Buying the right stuff isn´t easy, but it is important, particularly when one could argue today that one of the main causes of our current economic crises was cutting taxes by $2 trillion and creating another huge "defense" bureaucracy—Department of Homeland Security, and embarking on two very expensive wars in Afghanistan and Iraq. If Ike was right, and our security as a nation is directly tied to our economic strength, we have work to do.
The ideal national security strategy is based on our values and interests. That we use economic, military, diplomatic and informational power in the world to sense or know what is going on in the world, to help or lend a hand to others, and as a last resort, to use the fist or force to protect our values and interests. Our national security should allow the United States to project power and influence with more credibility and less vulnerability. Actually that is a pretty radical statement. In contrast, a Marine general was quoted recently as saying: We must be careful not to sacrifice our honor by failing to put our people´s necks on the line." Two very different views on what we value.
For the sake of argument, let´s say I am right and that we should invest in capabilities that do not project vulnerabilities and attrition. Then we need to recognize that a smaller footprint overseas is important and that projecting mass increasingly represents vulnerability without credibility. This means we should avoid wars requiring occupation forces. Gunboat diplomacy that puts an $80 billion dollar aircraft carrier with 5,000 people in range of a massive Chinese cruise missile attack is not very smart. Buying amphibious landing craft for the Marines may make us feel good, but is a total waste of money. In the information age, capabilities that give us safe access and precision trump mass or massed forces—be it precision knowledge or precision action.
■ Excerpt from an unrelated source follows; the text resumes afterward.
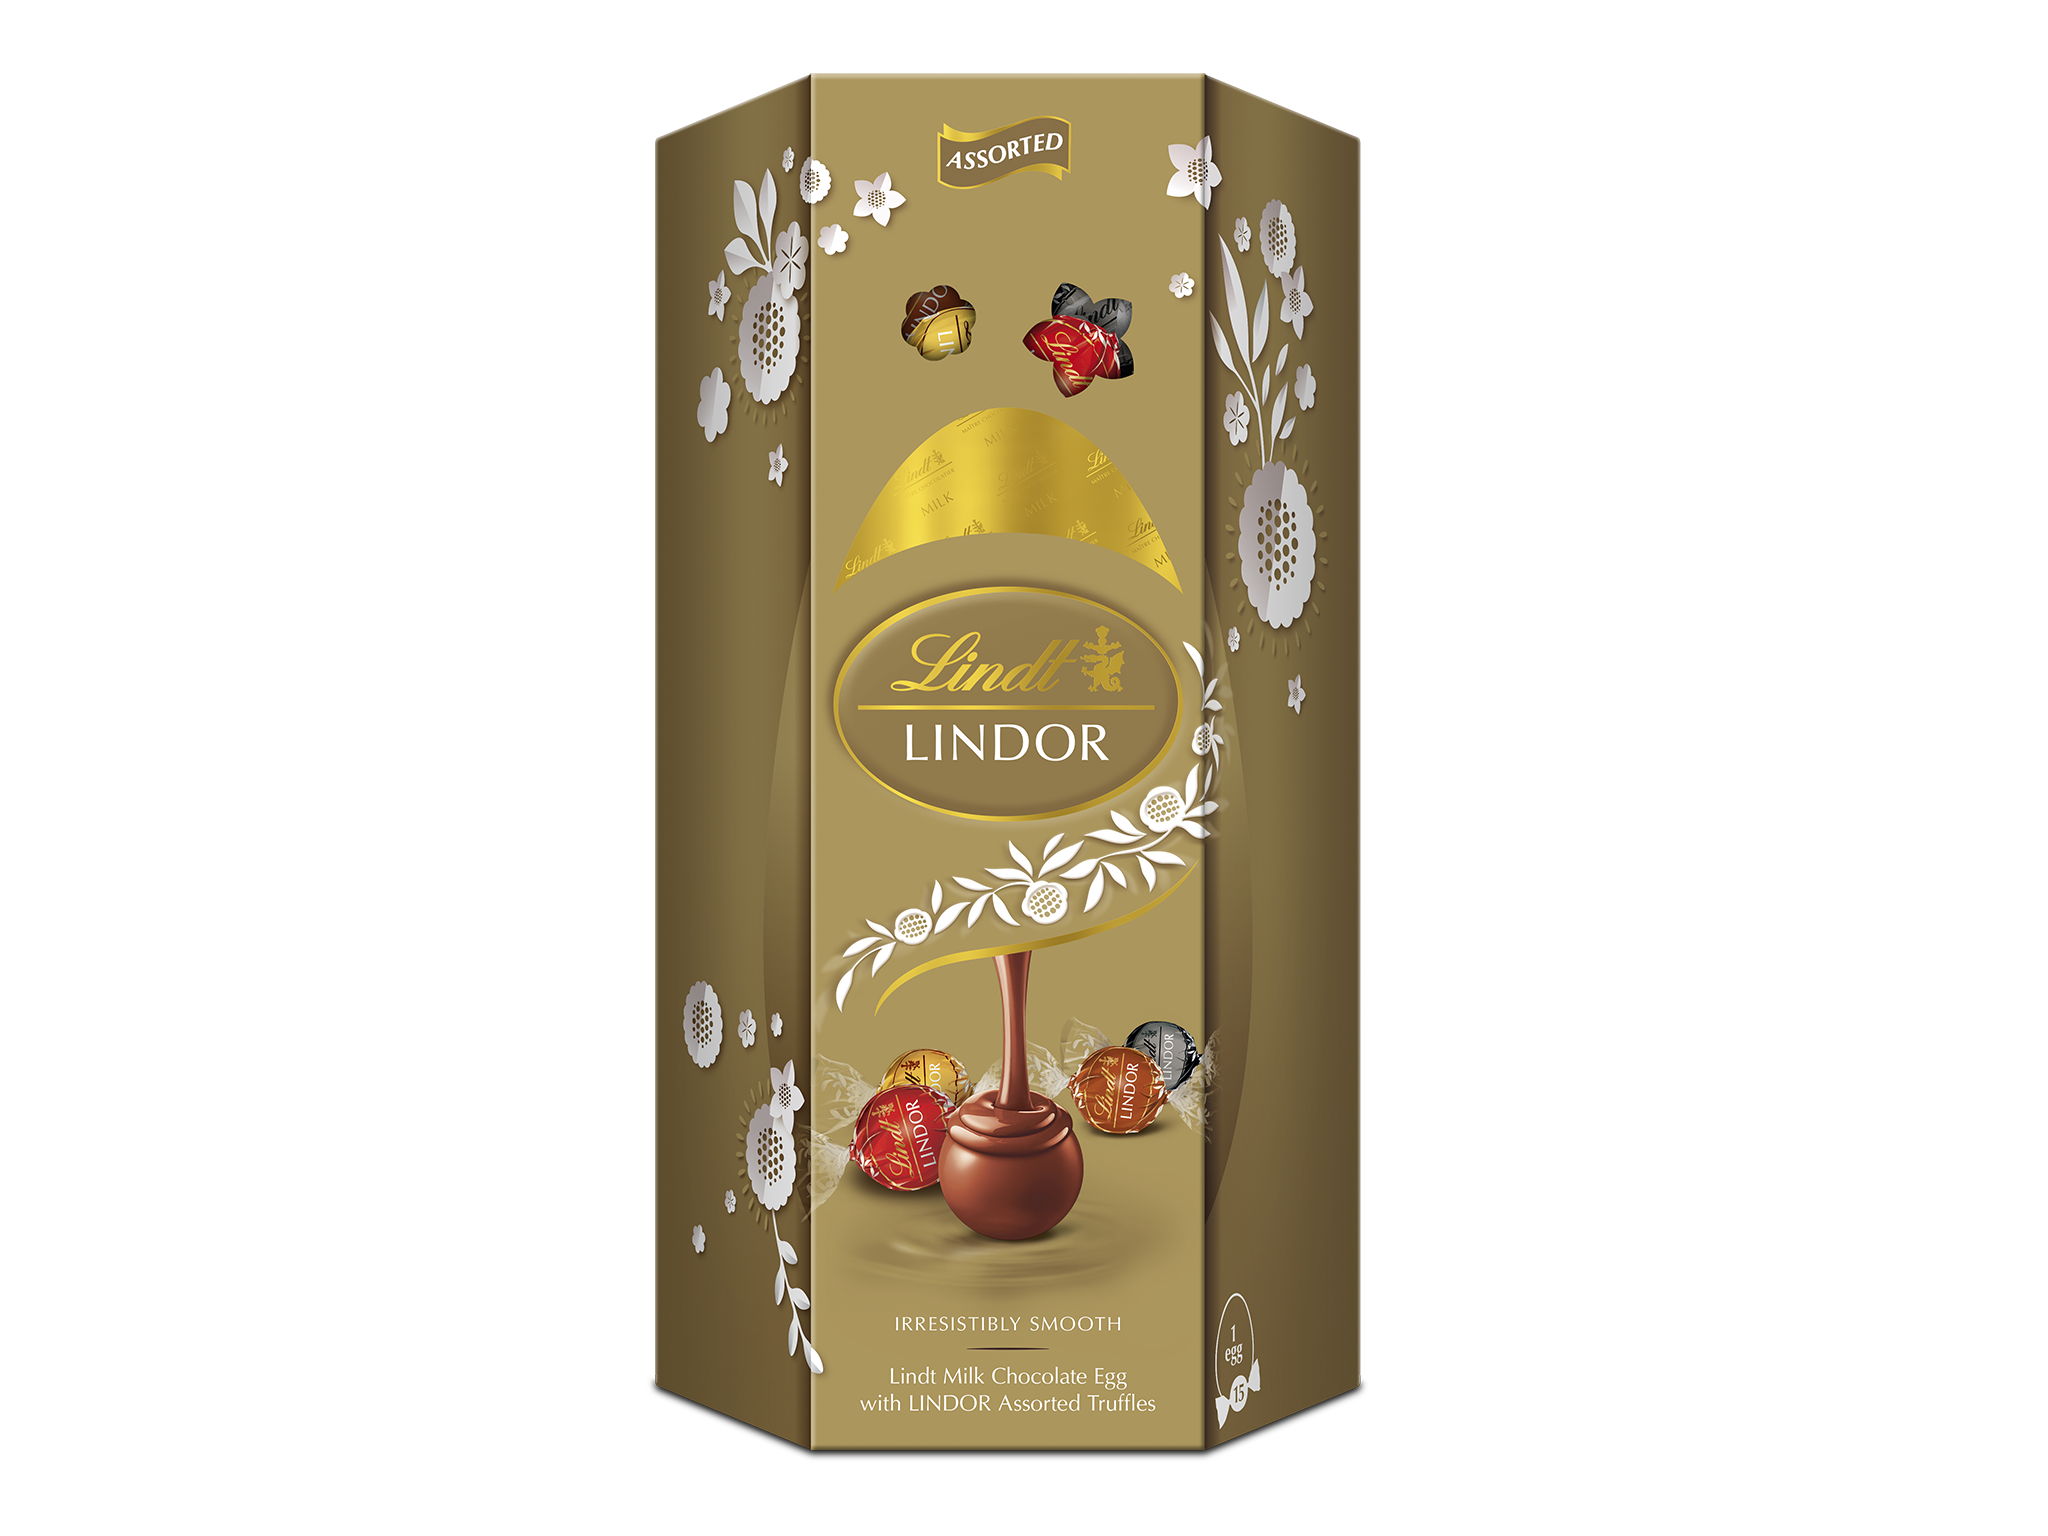 Lindt Lindor gold assorted Easter egg

So to project power and influence with more credibility and less vulnerability we need to reorganize and rebalance our processes and organizations, and reject force that is vulnerable or no longer credible in the information age.
First, we start be recognizing we need a national security budget not a defense budget. This is huge. National security is by far our biggest line item, but your average citizen or congressman has no idea how expensive it is because we don´t call it what it is.
The national security budget must be evaluated from cradle to grave, life cycle cost versus operational cost, and in terms of risks and unintended consequences. For example, aren´t homeland defense and the VA part of our national security? Why do we keep calling the defense budget and the budget for the wars we are fighting two different things? It is all national security. By not calling it what it is, we cannot effectively evaluate our national security strategy or its costs. We don´t get the proper balance of diplomatic, military, informational, and economic capabilities. Getting the right blend of hard and soft power is what Joseph Nye calls smart power and it is an art. Getting to smart power starts with creating a transparent national security budget.
For example, we constantly hear how we could cut the budget by reducing the percentage of the federal budget that goes to foreign aid. In a recent poll most Americans believe 25 percent is spent on foreign aid when, in fact, it is about 1 percent of the budget. According to one recent study by a retired Army colonel, the military budget is about 210 times larger than USAID and State combined, in personnel terms and in budgetary terms, the mismatch is far greater, on the order of 350:1. And we have a huge increase in the VA budget because we dramatically increased the input. Isn´t the increase in wounded warriors a cost of our national security strategy?
Second, we need to quit buying and using forces that apply mass rather than precision. In the information age, mass is primarily a vulnerable target. I can´t tell you how many military exercises I have been involved in where the goal was to put people in harm´s way as fast as possible. In one "futures war game" the good guys lost three carriers in the first day. We quit using them because no president would want to lose three 80 billion dollar assets and 15,000 men and women in the first couple days of warfare. We used slides depicting Monty Python´s lost of legs and an arm to show forces left. Good for a laugh but the reality was, the lost of those carriers was not even in the out brief. Aircraft carriers are still $80 billion dollar sacred cows, even though they project power and influence with less credibility and more vulnerability.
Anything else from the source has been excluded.